**Records supplied**:
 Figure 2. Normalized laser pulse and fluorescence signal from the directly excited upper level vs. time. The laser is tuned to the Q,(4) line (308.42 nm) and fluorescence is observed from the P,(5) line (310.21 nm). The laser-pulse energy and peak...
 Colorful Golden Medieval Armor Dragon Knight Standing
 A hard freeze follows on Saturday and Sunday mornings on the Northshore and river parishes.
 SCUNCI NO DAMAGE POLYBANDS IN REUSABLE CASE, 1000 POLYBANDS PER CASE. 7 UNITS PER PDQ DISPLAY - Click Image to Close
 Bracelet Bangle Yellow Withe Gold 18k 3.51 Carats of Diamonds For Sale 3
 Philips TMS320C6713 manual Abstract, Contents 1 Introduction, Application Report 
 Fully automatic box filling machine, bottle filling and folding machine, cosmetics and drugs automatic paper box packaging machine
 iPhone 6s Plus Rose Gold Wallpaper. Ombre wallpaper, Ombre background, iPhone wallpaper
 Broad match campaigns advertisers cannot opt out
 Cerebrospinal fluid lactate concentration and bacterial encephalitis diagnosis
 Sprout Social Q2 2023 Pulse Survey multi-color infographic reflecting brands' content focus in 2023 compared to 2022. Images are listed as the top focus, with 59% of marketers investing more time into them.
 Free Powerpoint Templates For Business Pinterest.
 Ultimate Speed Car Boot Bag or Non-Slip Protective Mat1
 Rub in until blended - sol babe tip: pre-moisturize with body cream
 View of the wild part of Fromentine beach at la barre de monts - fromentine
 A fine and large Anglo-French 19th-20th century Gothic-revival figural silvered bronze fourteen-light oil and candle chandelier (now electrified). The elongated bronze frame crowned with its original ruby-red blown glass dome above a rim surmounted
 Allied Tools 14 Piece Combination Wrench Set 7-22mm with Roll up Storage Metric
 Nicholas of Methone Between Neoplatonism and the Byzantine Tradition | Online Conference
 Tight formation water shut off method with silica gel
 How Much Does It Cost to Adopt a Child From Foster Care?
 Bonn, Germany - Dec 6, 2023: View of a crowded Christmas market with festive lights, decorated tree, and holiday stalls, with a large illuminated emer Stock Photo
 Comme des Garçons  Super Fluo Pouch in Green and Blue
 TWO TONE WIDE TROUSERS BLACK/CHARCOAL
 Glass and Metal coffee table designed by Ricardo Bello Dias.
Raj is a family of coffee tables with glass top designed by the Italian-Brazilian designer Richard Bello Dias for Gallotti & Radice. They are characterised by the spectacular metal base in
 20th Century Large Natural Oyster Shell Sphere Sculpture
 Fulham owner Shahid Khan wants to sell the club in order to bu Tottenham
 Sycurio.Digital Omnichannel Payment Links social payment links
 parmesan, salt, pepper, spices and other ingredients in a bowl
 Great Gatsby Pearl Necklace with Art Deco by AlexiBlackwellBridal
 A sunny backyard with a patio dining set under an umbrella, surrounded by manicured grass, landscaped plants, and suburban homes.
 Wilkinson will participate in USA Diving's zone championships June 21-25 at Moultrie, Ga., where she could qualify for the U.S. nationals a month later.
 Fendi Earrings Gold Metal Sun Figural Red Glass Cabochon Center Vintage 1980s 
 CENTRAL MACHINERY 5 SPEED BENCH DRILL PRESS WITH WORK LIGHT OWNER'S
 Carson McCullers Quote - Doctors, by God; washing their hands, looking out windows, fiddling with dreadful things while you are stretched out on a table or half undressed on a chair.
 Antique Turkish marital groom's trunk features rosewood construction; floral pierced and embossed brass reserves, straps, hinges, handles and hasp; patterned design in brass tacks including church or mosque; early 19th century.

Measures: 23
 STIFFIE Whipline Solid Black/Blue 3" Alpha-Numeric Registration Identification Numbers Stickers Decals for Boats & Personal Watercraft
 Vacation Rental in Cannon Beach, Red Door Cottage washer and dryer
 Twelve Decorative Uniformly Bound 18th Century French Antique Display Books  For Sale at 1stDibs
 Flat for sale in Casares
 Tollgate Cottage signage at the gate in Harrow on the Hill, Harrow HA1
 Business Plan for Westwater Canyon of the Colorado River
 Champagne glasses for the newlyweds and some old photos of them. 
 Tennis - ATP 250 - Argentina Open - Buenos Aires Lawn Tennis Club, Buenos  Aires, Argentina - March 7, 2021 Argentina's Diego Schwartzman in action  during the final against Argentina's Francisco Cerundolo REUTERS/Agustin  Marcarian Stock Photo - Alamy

**Problem requirements**: Write out the entries above word for word.

**The completed task**:
 Figure 2. Normalized laser pulse and fluorescence signal from the directly excited upper level vs. time. The laser is tuned to the Q,(4) line (308.42 nm) and fluorescence is observed from the P,(5) line (310.21 nm). The laser-pulse energy and peak...
 Colorful Golden Medieval Armor Dragon Knight Standing
 A hard freeze follows on Saturday and Sunday mornings on the Northshore and river parishes.
 SCUNCI NO DAMAGE POLYBANDS IN REUSABLE CASE, 1000 POLYBANDS PER CASE. 7 UNITS PER PDQ DISPLAY - Click Image to Close
 Bracelet Bangle Yellow Withe Gold 18k 3.51 Carats of Diamonds For Sale 3
 Philips TMS320C6713 manual Abstract, Contents 1 Introduction, Application Report 
 Fully automatic box filling machine, bottle filling and folding machine, cosmetics and drugs automatic paper box packaging machine
 iPhone 6s Plus Rose Gold Wallpaper. Ombre wallpaper, Ombre background, iPhone wallpaper
 Broad match campaigns advertisers cannot opt out
 Cerebrospinal fluid lactate concentration and bacterial encephalitis diagnosis
 Sprout Social Q2 2023 Pulse Survey multi-color infographic reflecting brands' content focus in 2023 compared to 2022. Images are listed as the top focus, with 59% of marketers investing more time into them.
 Free Powerpoint Templates For Business Pinterest.
 Ultimate Speed Car Boot Bag or Non-Slip Protective Mat1
 Rub in until blended - sol babe tip: pre-moisturize with body cream
 View of the wild part of Fromentine beach at la barre de monts - fromentine
 A fine and large Anglo-French 19th-20th century Gothic-revival figural silvered bronze fourteen-light oil and candle chandelier (now electrified). The elongated bronze frame crowned with its original ruby-red blown glass dome above a rim surmounted
 Allied Tools 14 Piece Combination Wrench Set 7-22mm with Roll up Storage Metric
 Nicholas of Methone Between Neoplatonism and the Byzantine Tradition | Online Conference
 Tight formation water shut off method with silica gel
 How Much Does It Cost to Adopt a Child From Foster Care?
 Bonn, Germany - Dec 6, 2023: View of a crowded Christmas market with festive lights, decorated tree, and holiday stalls, with a large illuminated emer Stock Photo
 Comme des Garçons  Super Fluo Pouch in Green and Blue
 TWO TONE WIDE TROUSERS BLACK/CHARCOAL
 Glass and Metal coffee table designed by Ricardo Bello Dias.
Raj is a family of coffee tables with glass top designed by the Italian-Brazilian designer Richard Bello Dias for Gallotti & Radice. They are characterised by the spectacular metal base in
 20th Century Large Natural Oyster Shell Sphere Sculpture
 Fulham owner Shahid Khan wants to sell the club in order to bu Tottenham
 Sycurio.Digital Omnichannel Payment Links social payment links
 parmesan, salt, pepper, spices and other ingredients in a bowl
 Great Gatsby Pearl Necklace with Art Deco by AlexiBlackwellBridal
 A sunny backyard with a patio dining set under an umbrella, surrounded by manicured grass, landscaped plants, and suburban homes.
 Wilkinson will participate in USA Diving's zone championships June 21-25 at Moultrie, Ga., where she could qualify for the U.S. nationals a month later.
 Fendi Earrings Gold Metal Sun Figural Red Glass Cabochon Center Vintage 1980s 
 CENTRAL MACHINERY 5 SPEED BENCH DRILL PRESS WITH WORK LIGHT OWNER'S
 Carson McCullers Quote - Doctors, by God; washing their hands, looking out windows, fiddling with dreadful things while you are stretched out on a table or half undressed on a chair.
 Antique Turkish marital groom's trunk features rosewood construction; floral pierced and embossed brass reserves, straps, hinges, handles and hasp; patterned design in brass tacks including church or mosque; early 19th century.

Measures: 23
 STIFFIE Whipline Solid Black/Blue 3" Alpha-Numeric Registration Identification Numbers Stickers Decals for Boats & Personal Watercraft
 Vacation Rental in Cannon Beach, Red Door Cottage washer and dryer
 Twelve Decorative Uniformly Bound 18th Century French Antique Display Books  For Sale at 1stDibs
 Flat for sale in Casares
 Tollgate Cottage signage at the gate in Harrow on the Hill, Harrow HA1
 Business Plan for Westwater Canyon of the Colorado River
 Champagne glasses for the newlyweds and some old photos of them. 
 Tennis - ATP 250 - Argentina Open - Buenos Aires Lawn Tennis Club, Buenos  Aires, Argentina - March 7, 2021 Argentina's Diego Schwartzman in action  during the final against Argentina's Francisco Cerundolo REUTERS/Agustin  Marcarian Stock Photo - Alamy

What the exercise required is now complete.